Quite obviously, there are many patriotic Americans who oppose George Bush and who think the Iraq War was a mistake. But Moore’s deceitful movie offers nothing constructive to help people form their opinions. To use lies and frauds to manipulate people is contrary to the very essence of democracy, which requires people to make rational decisions based on truthful information. It’s wrong when a President lies. It’s wrong when a talk radio host lies. And it’s wrong when a film-maker lies.

I’m not saying that I knew as I was sitting in the theater that specific bits of information of the movie were deceitful or downright false. Still, a part of me was realizing that Michael Moore has his own agenda as much as President Bush or anyone else, and why wouldn’t he stretch the truth or twist things around to show people what he wants them to see? It boggles my mind how many people sat through the movie and took every word of it as “fact” simply because it was labeled by some as a documentary, a word almost synonymous with facts and truth. I’m not saying that good points weren’t made or that he didn’t bring interesting things to light, but the way in which he went about it really bothered me. Thoughts from Boston University Law Professor Randy Barnett:

…I was struck by the sheer cunningness of Moore’s film. When you read Kopel, try to detach yourself from any revulsion you may feel at a work of literal propaganda receiving such wide-spread accolades from mainstream politicos, as well as attendance by your friends and neighbors.

Instead, notice the film’s meticulousness in saying only (or mostly) “true” or defensible things in support of a completely misleading impression. In this way, Kopel’s care in describing Moore’s “deceits” is much more interesting than other critiques I have read, including that of Christopher Hitchens. Kopel’s lawyerly description of Moore’s claims shows the film to be a genuinely impressive accomplishment in a perverse sort of way (the way an ingenious crime is impressive)–a case study in how to convert elements that are mainly true into an impression that is entirely false–and this leads in turn to another thought.

If this much cleverness was required to create the inchoate “conspiracy” (whatever it may be, as it is never really specified by Moore), it suggests there was no such conspiracy. With this much care and effort invested in uncovering and massaging the data, if there really was a conspiracy of the kind Moore suggests, the evidence would line up more neatly behind it, rather than being made to do cartwheels so as to be “true” but oh-so-misleading. If the facts don’t fit, shouldn’t we acquit?

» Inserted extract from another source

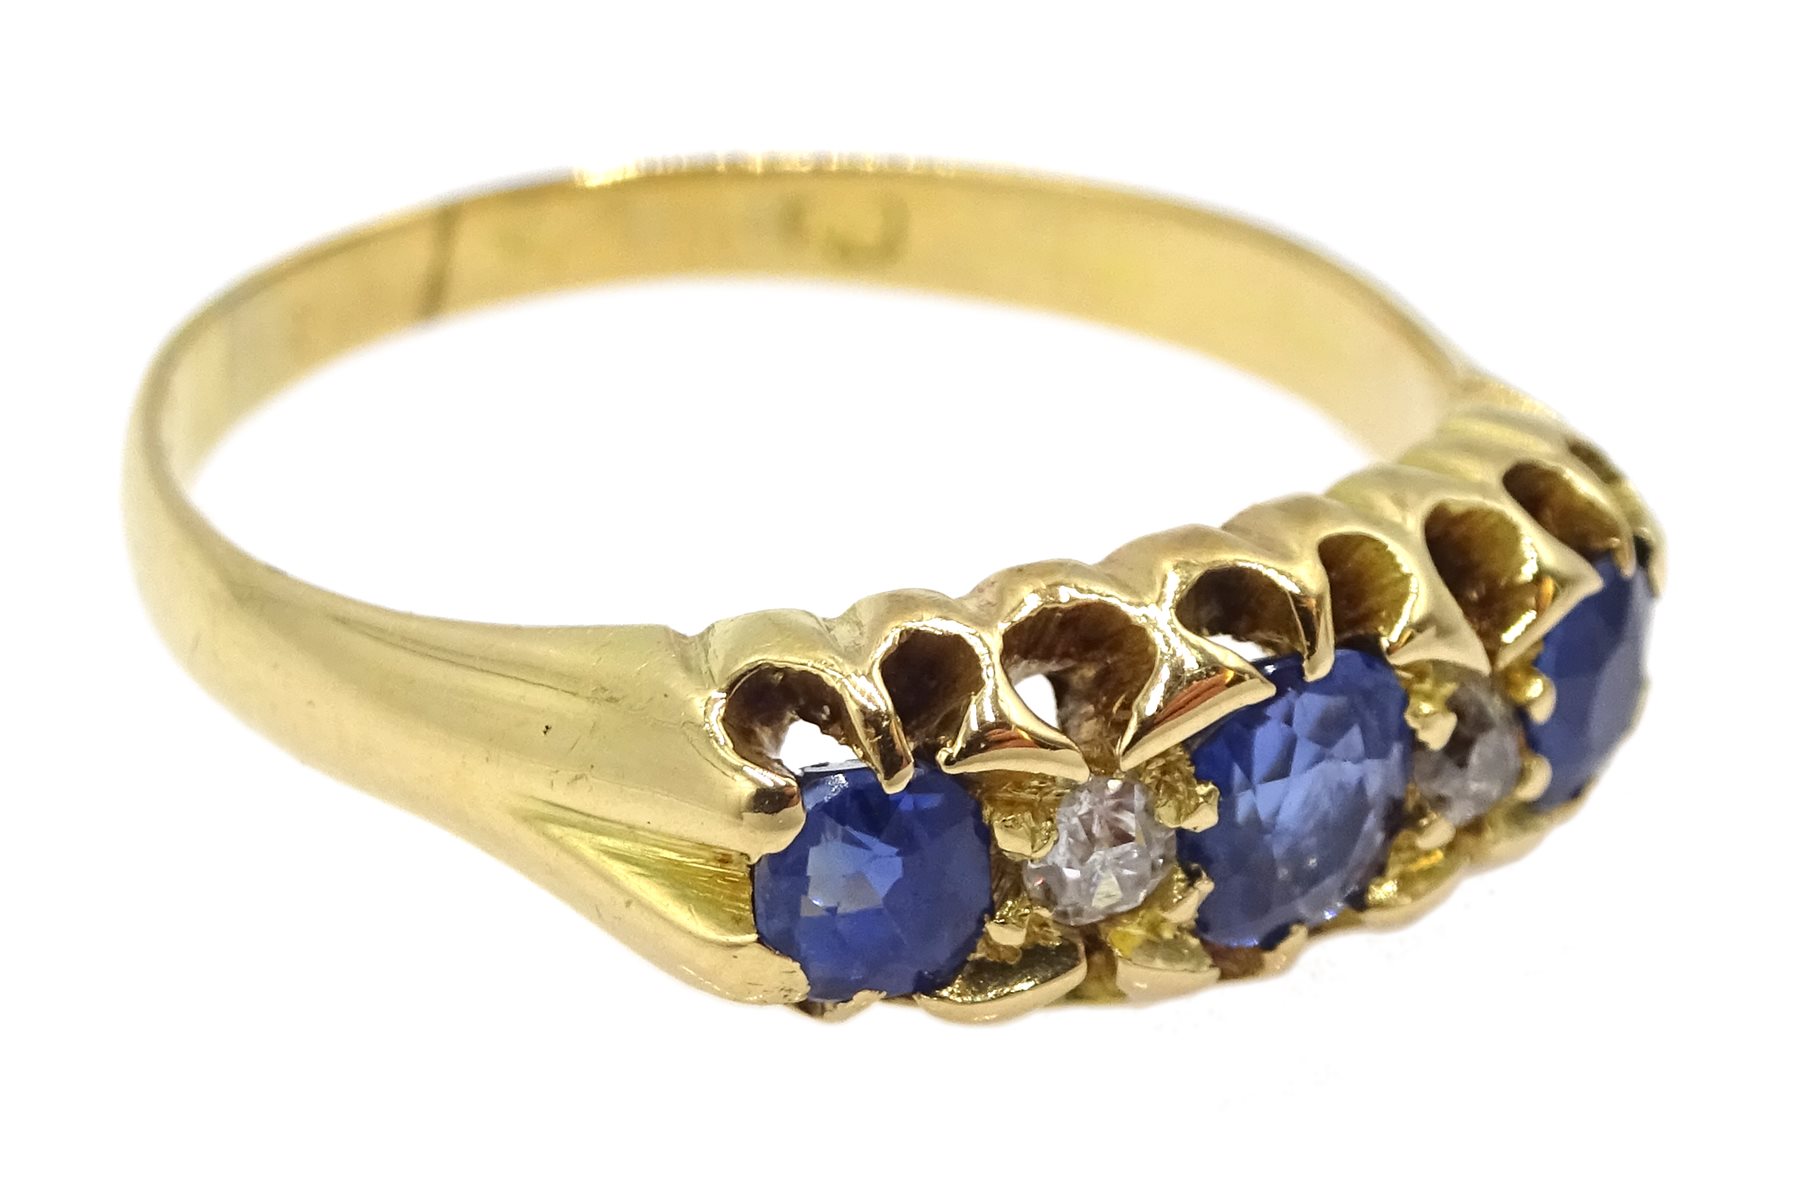 Edwardian 18ct gold five stone sapphire and diamond ring - Image 3 of 4

Hopefully this will be the last from me on Michael Moore (unless it’s more stuff of the cartoon variety), but I make no promises. Frankly I’m tired of hearing about it, but if I happen to spot other interesting stuff, I’ll probably put it on here. Don’t stop reading over it. I highly recommend clicking that Christopher Hitchens link up there. It’s also worth reading or at least skimming. Plus he made one comment that made me laugh out loud: I never quite know whether Moore is as ignorant as he looks, or even if that would be humanly possible. I’m starting to like this guy more and more, hehe.

Some more interesting news later after I watch a comedy that should require little or no thought of anything political or otherwise 🙂

Currently Playing Watching: 50 First Dates

Rant and Stuff

Summer staff gets taken for granted all the time. It really pisses me off sometimes (OK, maybe a lot). Last summer it was maintenance replacing toilets without notice, then screwing things up so they had to come through a second time. Next was fire alarm testing starting early in the morning. Then it was dining center staff giving us crap about taking food to go for other Cool Cats, then it was getting treated like crap when we had to eat with the football players at the training table. Heaven forbid we sit in the nice chairs at tables near the TV before they’ve even arrived, or go through the same line as the players.

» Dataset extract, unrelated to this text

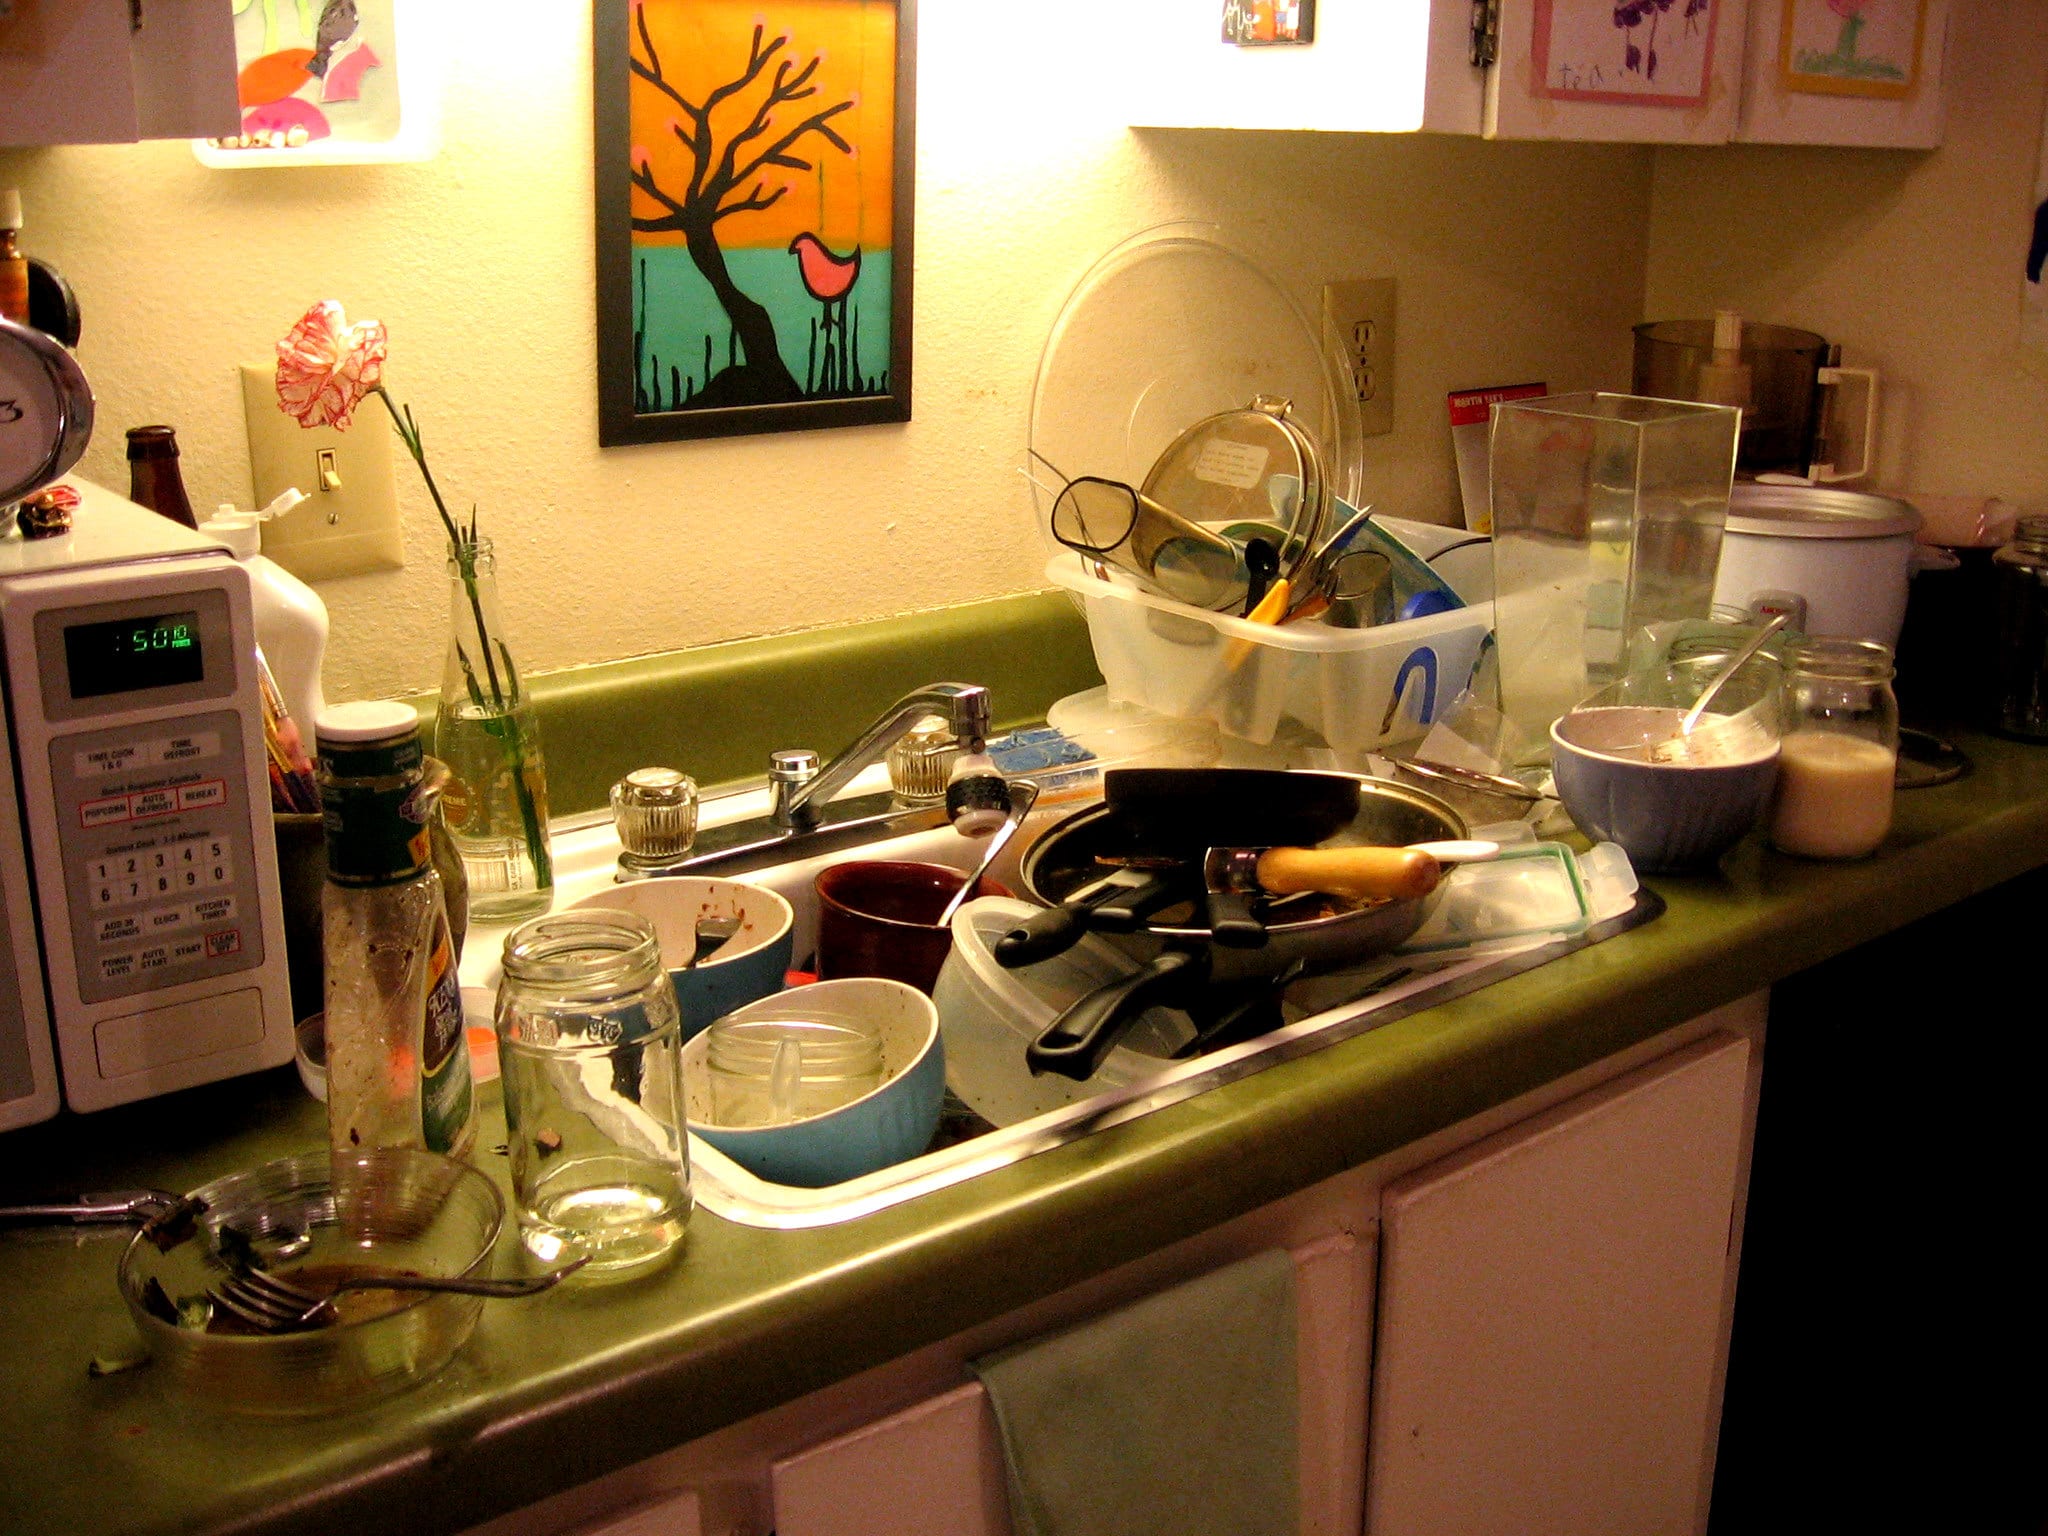 15 of the Worst Kitchen Designs You Might Ever See

This summer hasn’t started much better. Over a week ago I wrote a work order to have my flickering bathroom light replaced. Today, Bozo (not his real name), the wonderful (sarcasm) maintenance man (did I mention sarcasm?), finally came to replace my light. He starts messing around with it and tells me he needs to replace the ballast too. I’m thinking, “Why are you telling me this? I don’t really care, just fix my light so I can take a shower without feeling like I’ll have a seizure.” So he leaves. Two minutes later he’s back and messing with it again. Meanwhile, there are other maintenance men talking on the radios using their Echo, Foxtrot, Charlie codes. I’m just wondering if they realize how ridiculous they sound when I hear one of them say, “Yeah, I’m about to shut off the water in Putnam. Everyone who needs to know should know already.”

I’m thinking, “Bullsh*t! What about me? I didn’t know about this, and I’ll guarantee none of the other Cool Cats knew either…”

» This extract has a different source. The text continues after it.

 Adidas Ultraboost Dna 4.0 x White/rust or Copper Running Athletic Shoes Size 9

So Bozo turns to me and says (and I quote), “Oh yeah, by the way, they are shutting off the water.”

I’m thinking, “WTF? I haven’t taken a shower yet and I still need to do laundry. Thanks for the warning, @$$hat.” So I ask him how long it will be off. He says a few hours, which translated from maintenance-speak equals “I have no idea.” Then he says, “Well, I got your light fixed.”

Gee, thanks.

In Putnam, shutting off the water means there will be absolutely no water pressure. I can’t even wash my hands. I’m glad Bozo is a lazy bast*rd and didn’t come five or ten minutes sooner. I might have been in the damn shower when the water slowed to a trickle. If I’m lucky, it will be back on in time for me to get cleaned up and do laundry before I work tonight at seven. It would be nice to have clean clothes to wear tomorrow.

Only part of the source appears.